U.S. officials said Wednesday they have seen no effort by the Pakistanis to stop the protests, which prompted the U.S. three weeks ago to halt NATO cargo shipments going through the Torkham border crossing and toward the port city of Karachi.
A Pakistani official said the government is looking for a peaceful settlement but notes that citizens have the right to protest nonviolently.
U.S. officials said flying the military equipment out of Afghanistan to a port will cost five to seven times as much as it does to truck it through Pakistan. About a hundred trucks are stacked up at the border, and hundreds more are loaded and stalled in compounds.

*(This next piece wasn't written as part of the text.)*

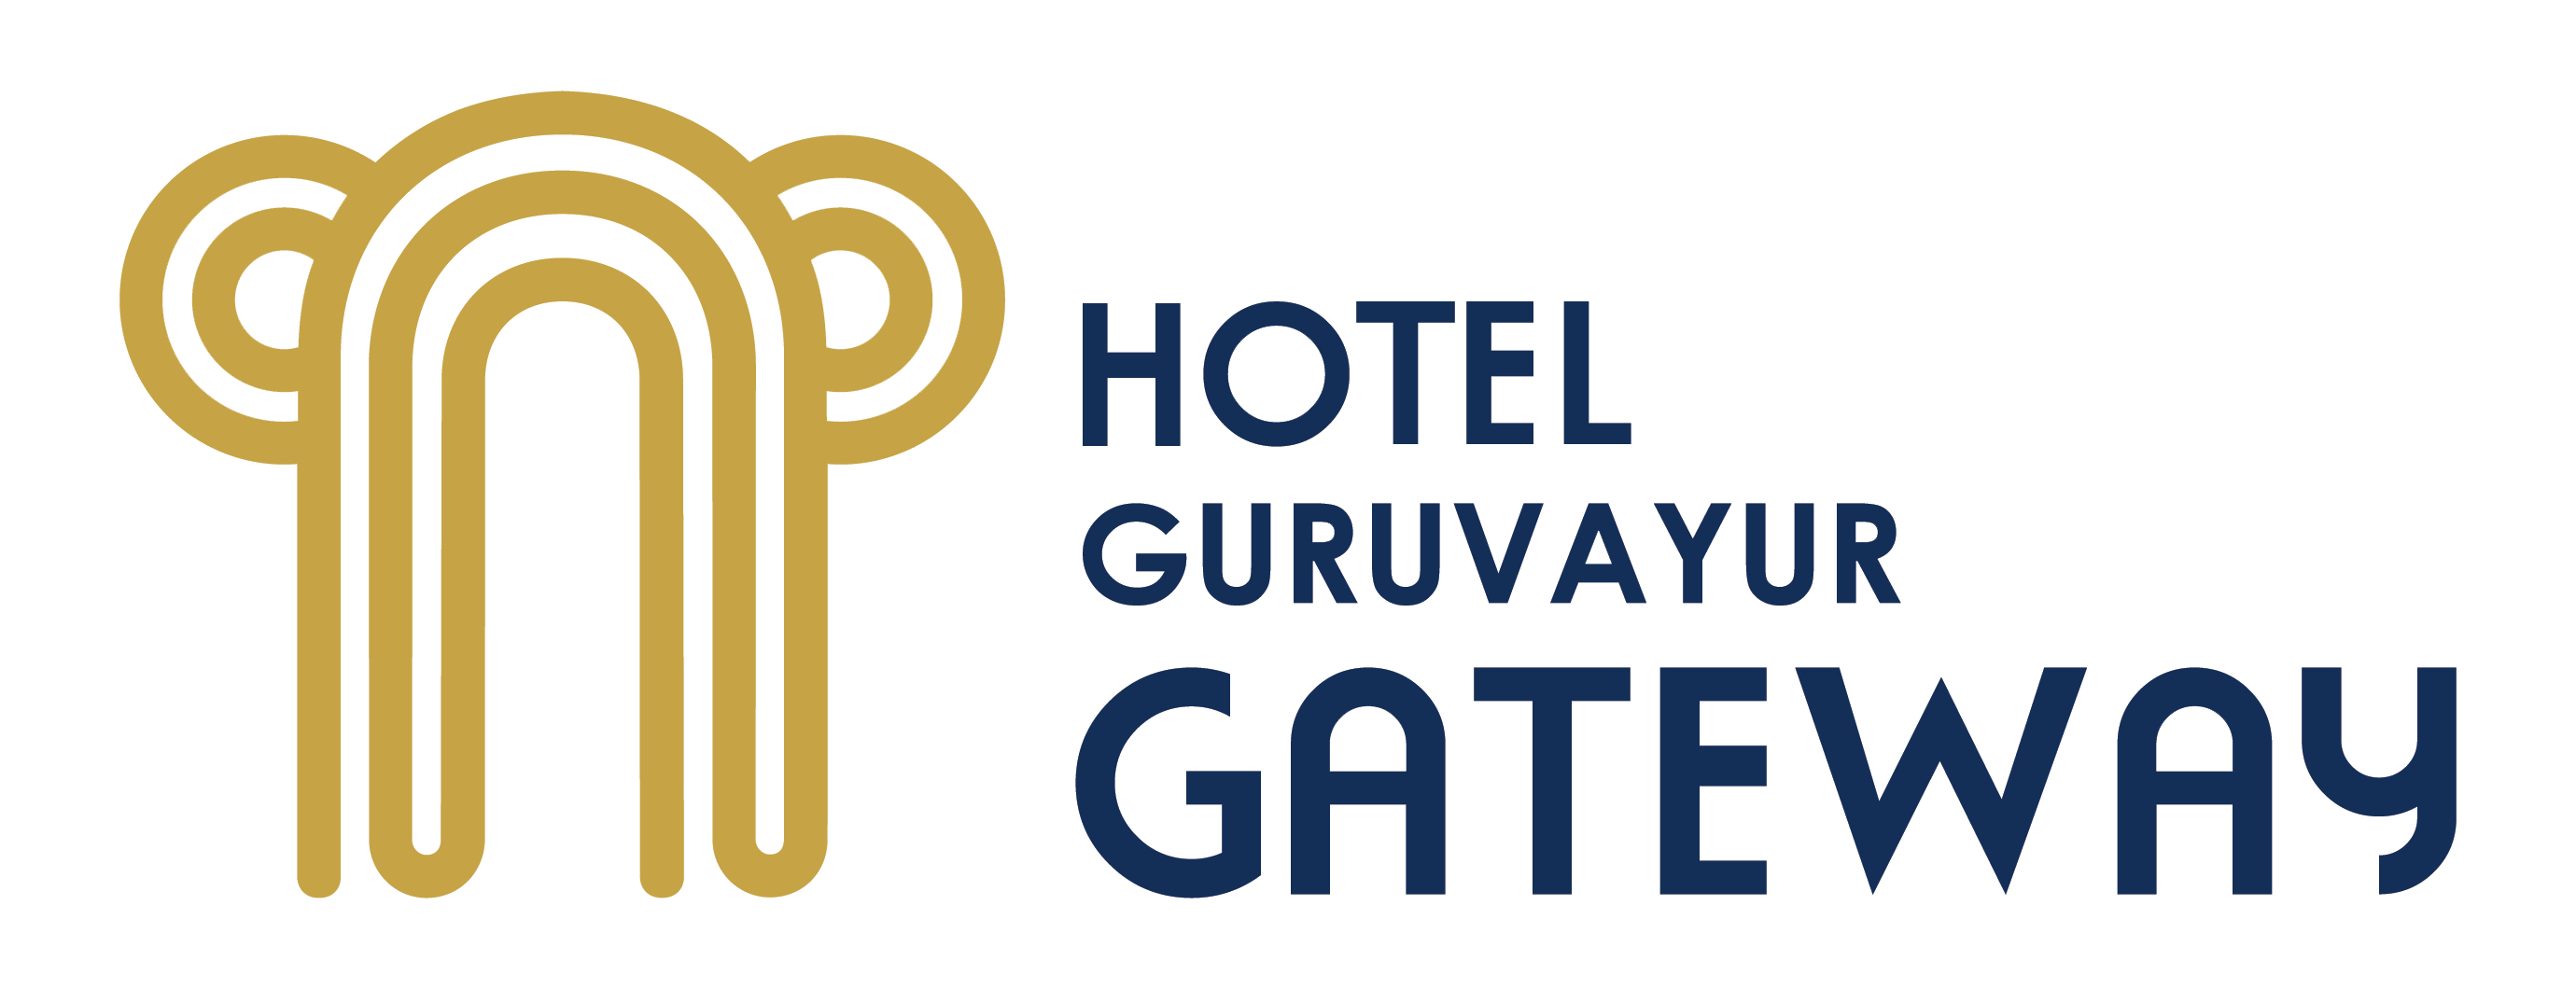 Gateway Hotels Logo - Best Hotels in Guruvayur | Budget Hotels In Guruvayur Near Temple ...

The shipments consist largely of military equipment that is no longer needed. Sending the cargo out through the normal Pakistan routes will cost about $5 billion through the end of next year, said a defense official. Flying the heavy equipment, including armored vehicles, out of Afghanistan to ports in the Middle East, where it would be loaded onto ships, would cost about $6 billion if it continued through next year, the official said .
A northern supply route was used for about seven months last year when Pakistan shut down the southern passages after U.S. airstrikes accidentally killed 24 Pakistani soldiers at two border posts. That northern route, however, was used primarily to bring shipments into Afghanistan, and is much longer and more costly.
The deadlock could also be costly for Pakistan. In private meetings in Islamabad, Hagel warned Pakistani leaders that unless the military shipments resumed, political support could erode in Washington for an aid program.